Arsenio Meira 17/08/2013
Literatura no desvio: o rei dos outsiders
Se um ato é ou não outsider vai depender, e muito, de como outras pessoas reagem a ele, em sucinta e leiga análise.
Depende também de quem o comete e de quem se sente prejudicado por ele.
Isto posto, antes de continuar a ler este texto, vá à dispensa e pegue uma garrafa de conhaque ou do mais intrépido e temido Gim.
Se quiser, mande tudo às favas e desvie de uma vez do caminho, em busca da geladeira mais próxima e do santo graal que ela abriga: a cerveja gelada. Na mais radical das hipóteses, esqueça a ressaca do dia seguinte, e se abrace com um leniente toddynho.
Abriu? Tomou o primeiro gole? Pronto, pode ler o resto. Ao menos uma tentativa de pose outsider você terá. (Até mesmo se estiveres, hipotético leitor, entornando litros de chá verde.)

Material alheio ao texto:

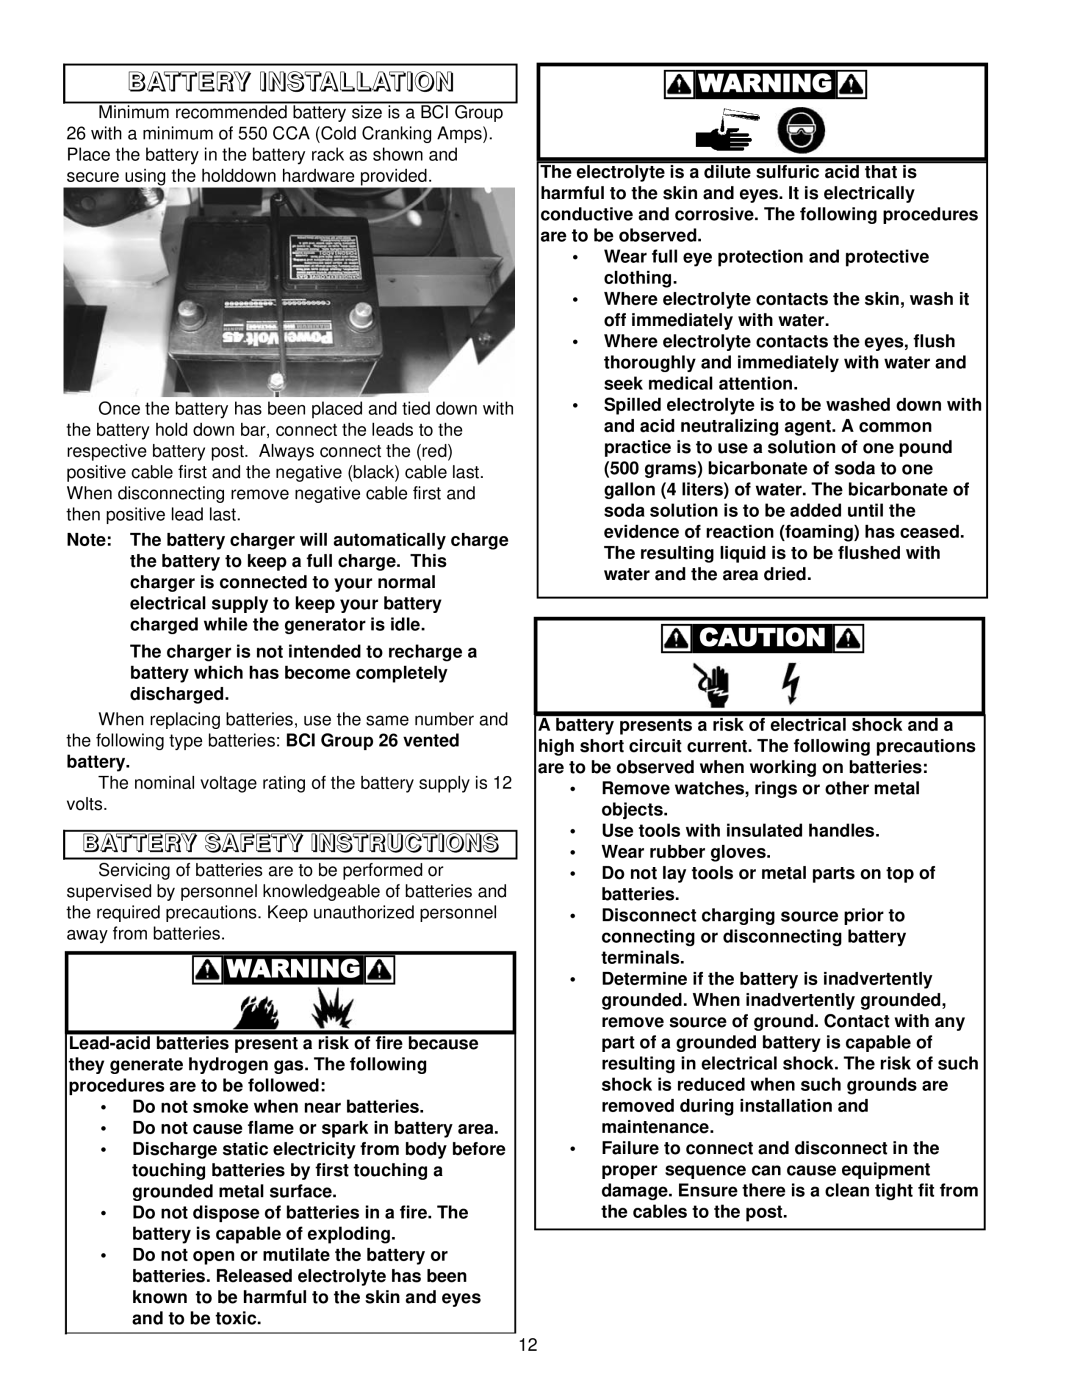 Coleman PM402511 owner manual Battery Installation, Battery Safety Instructions 
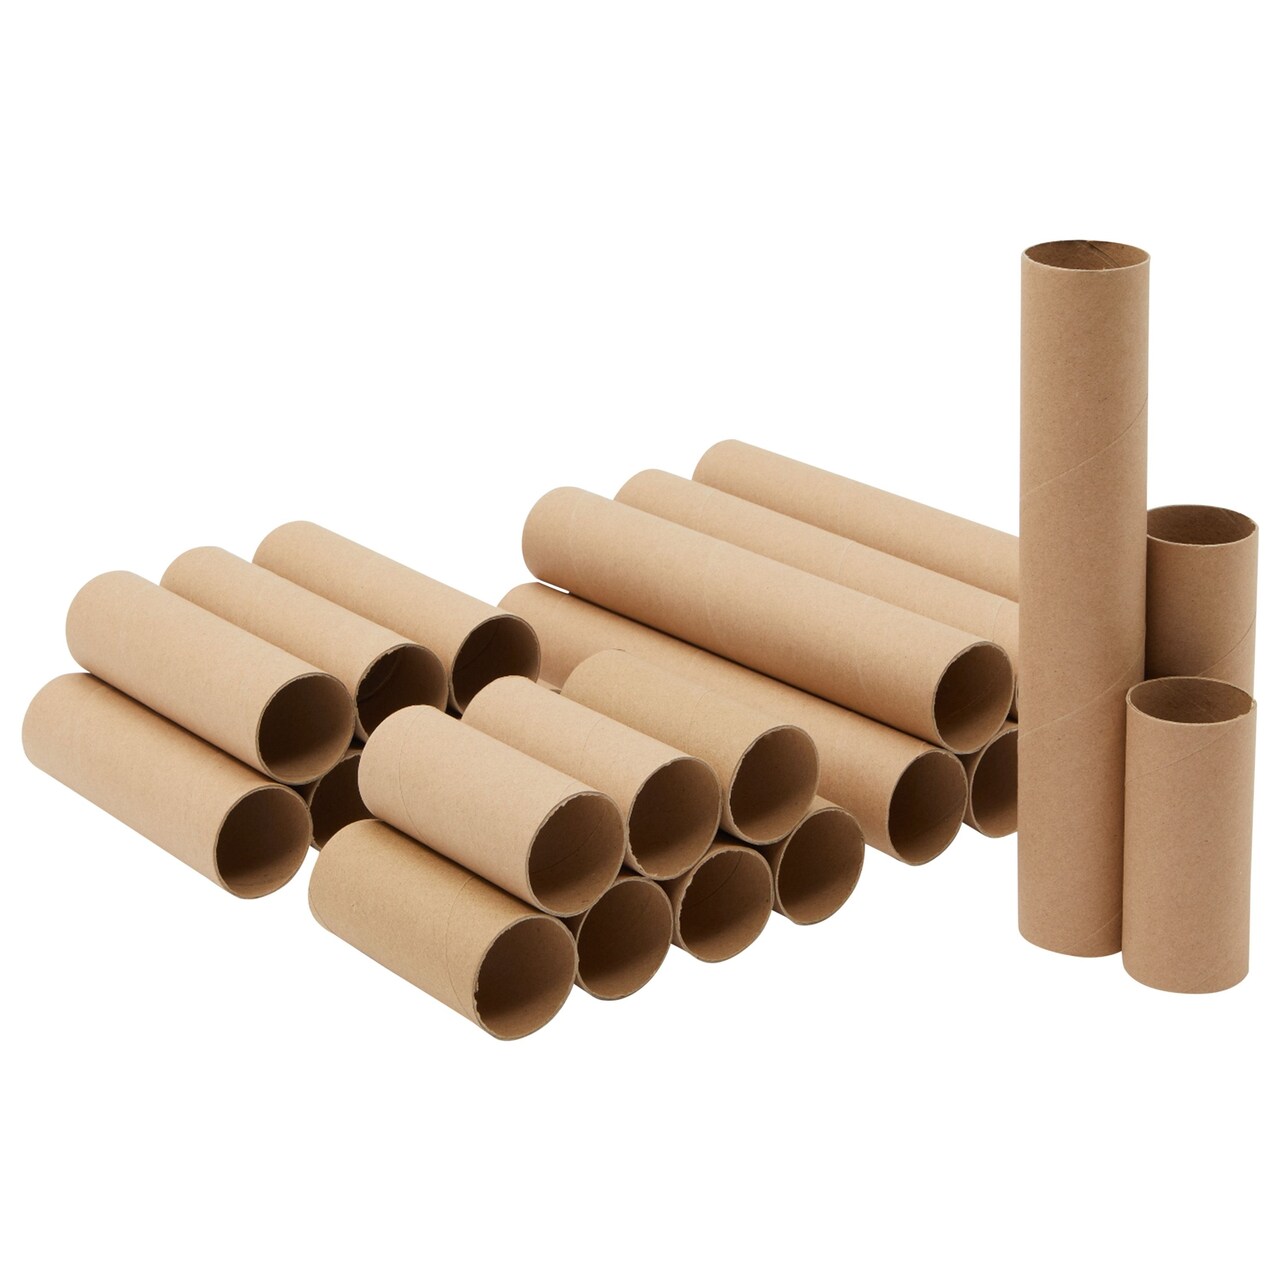 24 Brown Empty Paper Towel Rolls, 3 Size Cardboard Tubes for Crafts, DIY  Art Projects (4, 6, and 10 Inches)

Não é fácil encarar alguém como Charles Bukowski. O velho Buk, ele merece. Ninguém fica indiferente. Odeia ou ama ou não acha nada demais (o que também já é demais, rsrs...)
Buk fez o que quase todos gostaríamos de ter feito. Chutou o balde pro infinito de Pascal, e dinamitou os planos de uma vida estável que qualquer pai almeja para seus filhos. Charles queria mesmo era mergulhar na diáspora da dispersão desviante. De forma tensa e definitiva. Uma aventura. Ou mil epopeias.
Ah, o instituto do politicamente correto... Meu Deus... Buk tocaria fogo neste instituto, em plena luz do dia, perante o capitólio. Não duvidem.
Com esse impulso juvenil, tornou-se personagem de si mesmo, enchendo a cara, envolvendo-se a mil por hora com o submundo, para depois escrever com uma clareza cortante sobre suas experiências. Quando escrevia, não raro, encontrava-se várias dose acima do planeta Júpiter.
Na coletânea de contos "A mulher mais linda da cidade", o leitor pode conferir algumas dessas histórias vividas e criadas pelo autor.
Sem papas na língua, Bukowski vai direto ao que interessa. Tanto no estilo narrativo, quanto na vida. Dá respostas que a maioria das pessoas gostariam de dizer, mas se calam, entaladas com os sapos que engoliram. Sua atitude pode até parecer desagradável, embora seja um libelo de sinceridade em meio a tanta hipocrisia.
Representa uma verdade dura e, talvez por isso mesmo, incapaz de ser encarada por alguém que leva a vida como se fosse o chefe do clã "tradição, família e propriedade." No conto "Você aconselharia alguém a ser escritor?" , essa ideia fica bastante clara, inclusive para o austero meio acadêmico dos Estados Unidos, que recebeu petardos Bukowskianos.
Contratado para dar palestras a estudantes universitários, Bukowski é alçado ao status de irmão mais velho, conhecedor dos pecados mais subterrâneos. A sua simples presença serve como um grito de protesto, uma retomada do espírito rebelde de gente que um dia foi jovem e não seguia - nem com J. Edgar Hoover fungando no cangote - as imposições do sistema.
O interessante é que Bukowski percebe o papel exótico que interpreta aos olhos de todos. Reconhece seus defeitos, sabe que a bebedeira e as apostas em cavalos são apenas subterfúgios para suportar ou escapar da vida. (Maiakovski, eterno, gigante, já havia, desde os anos 20, decretado: nesta vida/morrer não é difícil./ O difícil é a vida/e seu ofício.)
Mas ao mesmo tempo, também enxerga como uma prisão a rotina formal do trabalho. Resultado: das duas opções que lhe restam, prefere o convívio com ex-detentos, ladrões e viciados.
Apesar de exaltar seu estilo de vida, há uma certa melancolia nas palavras de Bukowski. Talvez pela consciência de que seguiu esse caminho por uma questão de sobrevivência e não por diversão. Quando sóbrio, ele parece não se misturar inteiramente com o submundo, o bas fond; mantém uma certa distância que só se desfaz completamente após alguns goles de qualquer líquido com um teor alcoolico acima do normal.
Ao soar o repique desses momentos, é que ele encarna o personagem e manda todo mundo pra...
Bem, vocês sabem o fim da frase. Não sou como o velho Buk.
De outsider só tenho mesmo a terrível patologia que se chama dependência química de nicotina.